Allopathic Medicine vs Traditional and Complementary Medicines:


Doctors and practitioners of most  alternative systems of medicine learn their therapeutics from Mother Nature thousands of years ago. 


Conventional allopathic doctors use chemical drugs and surgery only less than 100 years ago compared with thousands of years of therapeutic experiences for traditional and other systems of medical practices. 

Conventional drug-based medicine handles chronic and degenerative diseases such as metabolic syndrome (diabetes and endocrine disorders), hypertension, CVA, cardiovascular disorders, cancers, renal and neurological disorders, etc  poorly using synthetic chemical drugs to control (not cure) the disease,  compared to the slower but more responsive therapies of botanical and natural medicines.


Traditional Chinese Medicine for instance has served the Chinese civilization very effectively for over 2000, while naturopathic medicine or natural medicine based on food, rest, physiological fasting, etc  has been around since the time of Greek Physician, Hippocrates of Kos, the Father of Medicine around   460 – c. 370 BC.  Hippocrates advocated


 "Let Food Be Your Medicine"


This is therapeutic nutrition or nutritional medicine. Food especially plant-based (fruits and vegetable) contains hundreds of phytochemicals including antioxidants. They are functional foods and also be nutraceuticals. Almost half the present generations of synthetic chemical drugs used in conventional medicine have their origin from herbs and medicinal plants.



Hippocrates only advised “let food be your medicine” not the other way round. How can that be using medicine and drugs as our daily food?
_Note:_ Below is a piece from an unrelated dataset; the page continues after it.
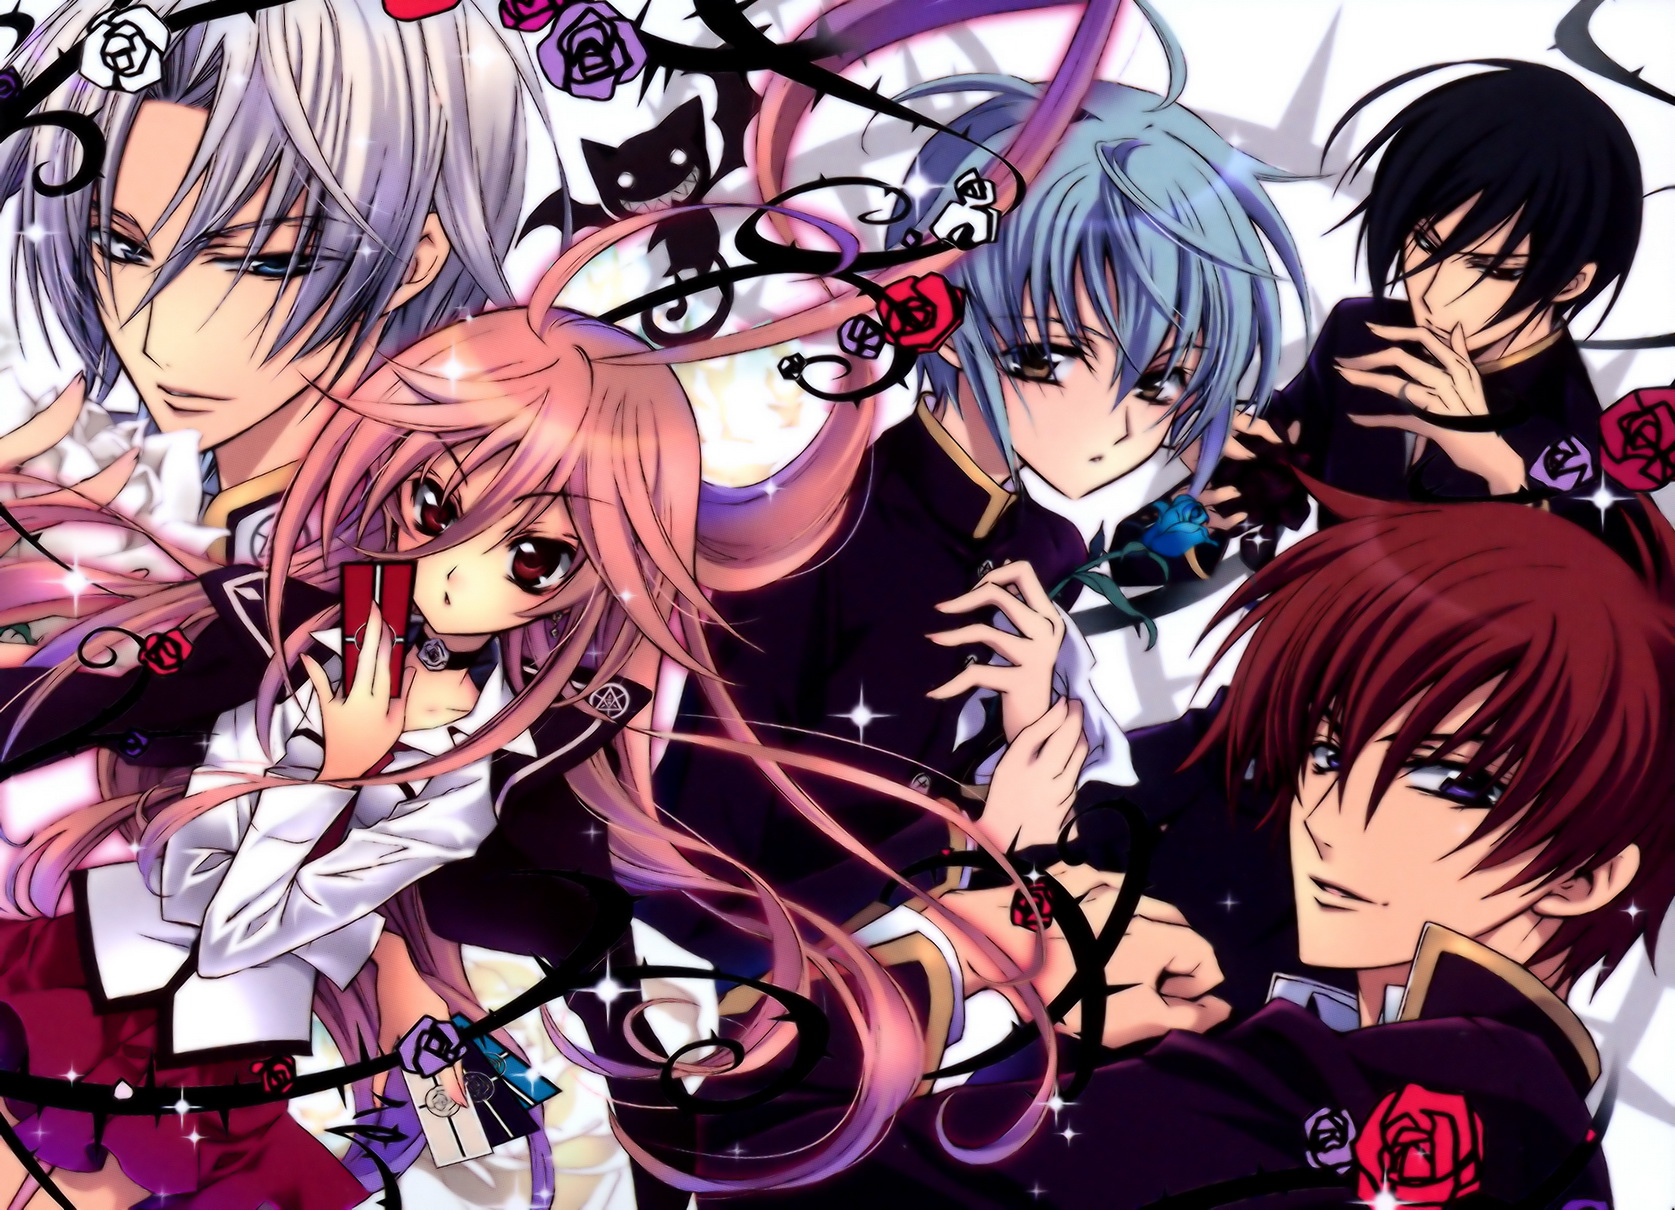 Hintergrundbilder Kiss Of Rose Princess Anime 1675x1210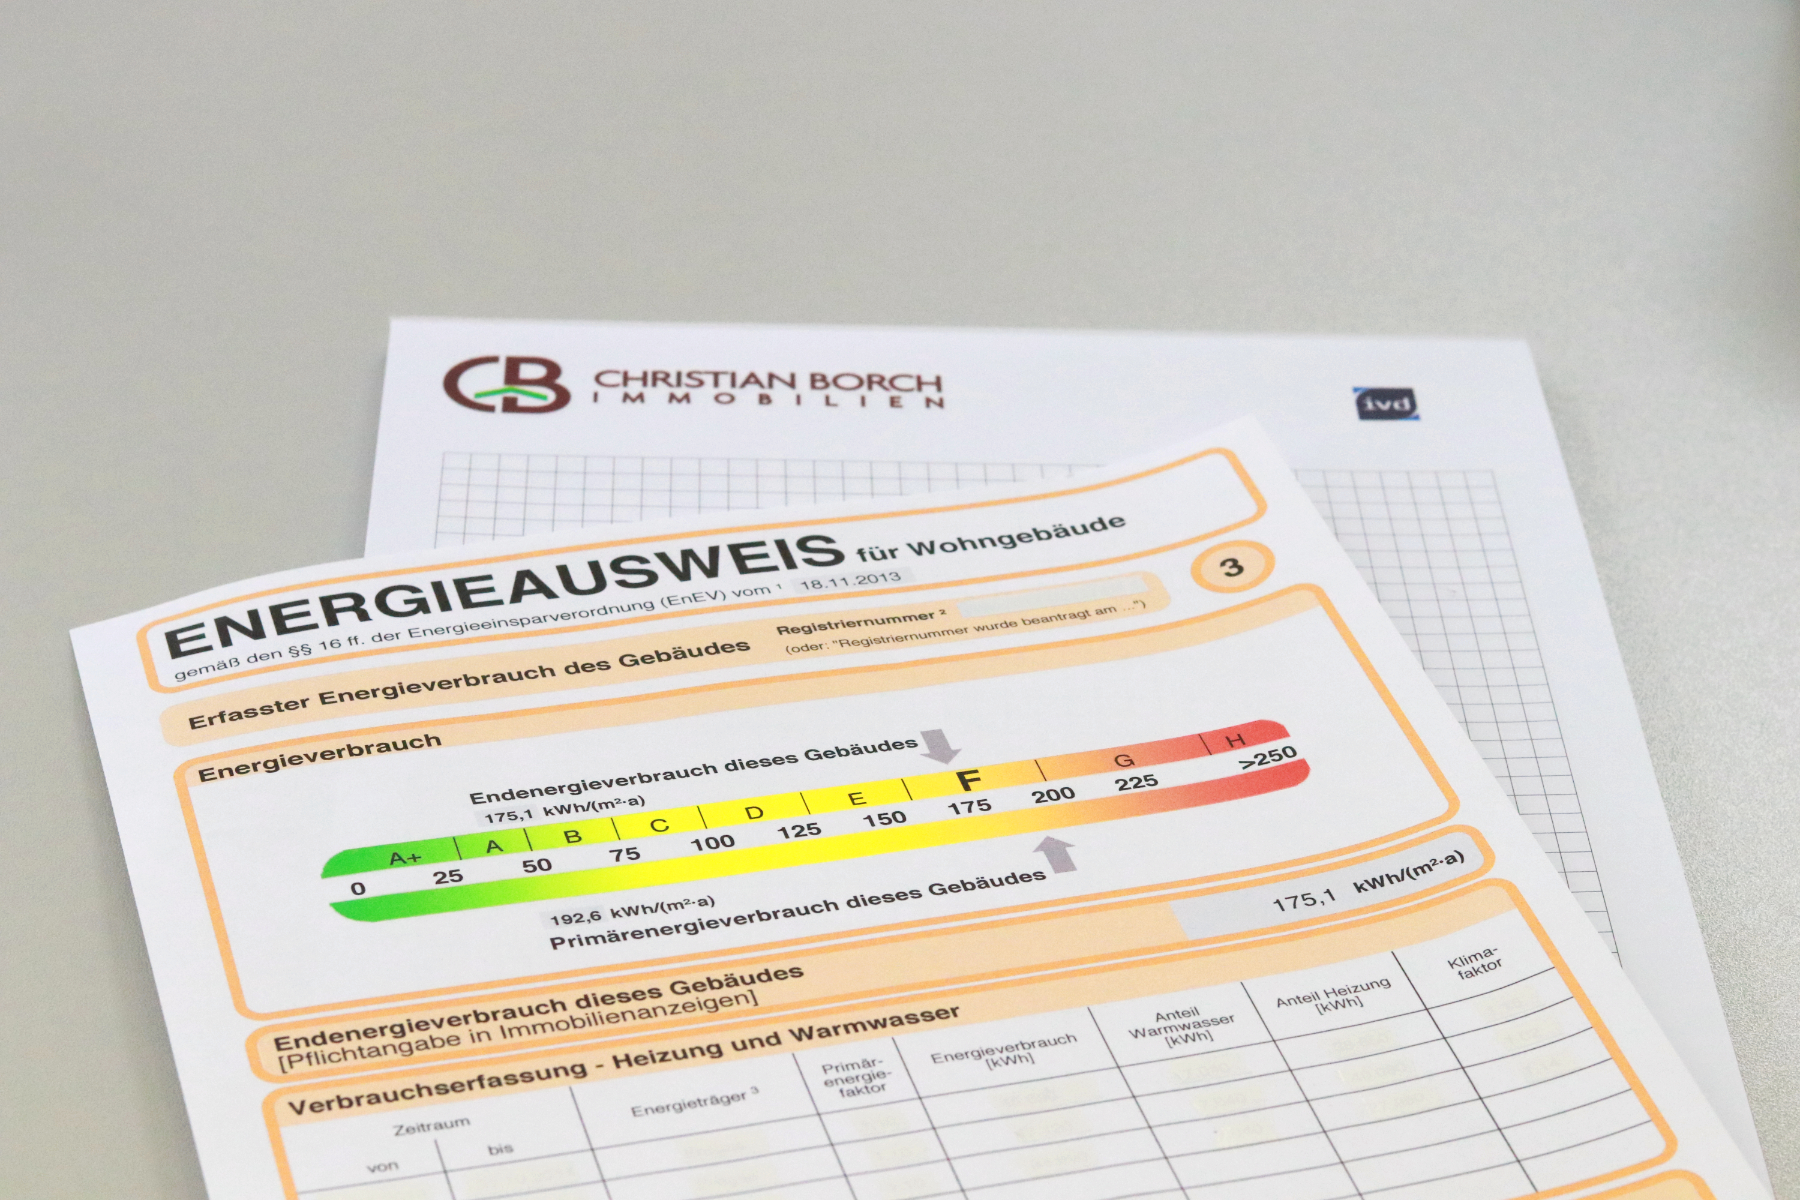 Energieausweis von Immobilien Christian Borch

This round about quote was put there into Hippocrates mouth by modern allopathic doctors and drug companies working hand-in-gloves to promote their chemical drugs as food. The root causes was never taken into account, but simply to supply the same medication month-to-month till the next routine appointment three months later comes round!  


Unfortunately this last claim by Hippocrates that "let medicine be your food" was repeatedly quoted by many, including health-care professionals like parrots who has not a clue what they are uttering.


They just follow the repeated quotation from others like parrots. They merely follow the crowd to be on the safe side, but has no clue what were they were uttering.


Food and herbs do contain medicinal principles besides their nutrient contents, and can be used as food as well as medicine. But we need to be selective


But how illogical is it to advise someone to take tablets, pills, drugs, injections, including herbal medicines as our daily food and bread?


This last quote is highly illogical and can only come from someone who has no knowledge on the difference between medicine, food and nutrition.


They merely blare out their ignorance by following what others have quoted.


Hippocrates, the Father of Medicine only advised physicians of his time to treat their patients with food, rest and exercise

Never did he advise taking natural medicine as food. Food and medicine are two different things


How illogical to take drugs and all kinds of medicines as our daily food and bread. The body must be terribly ill to be supported like that! 

Hippocrates, the Father of Medicine had never advised that! 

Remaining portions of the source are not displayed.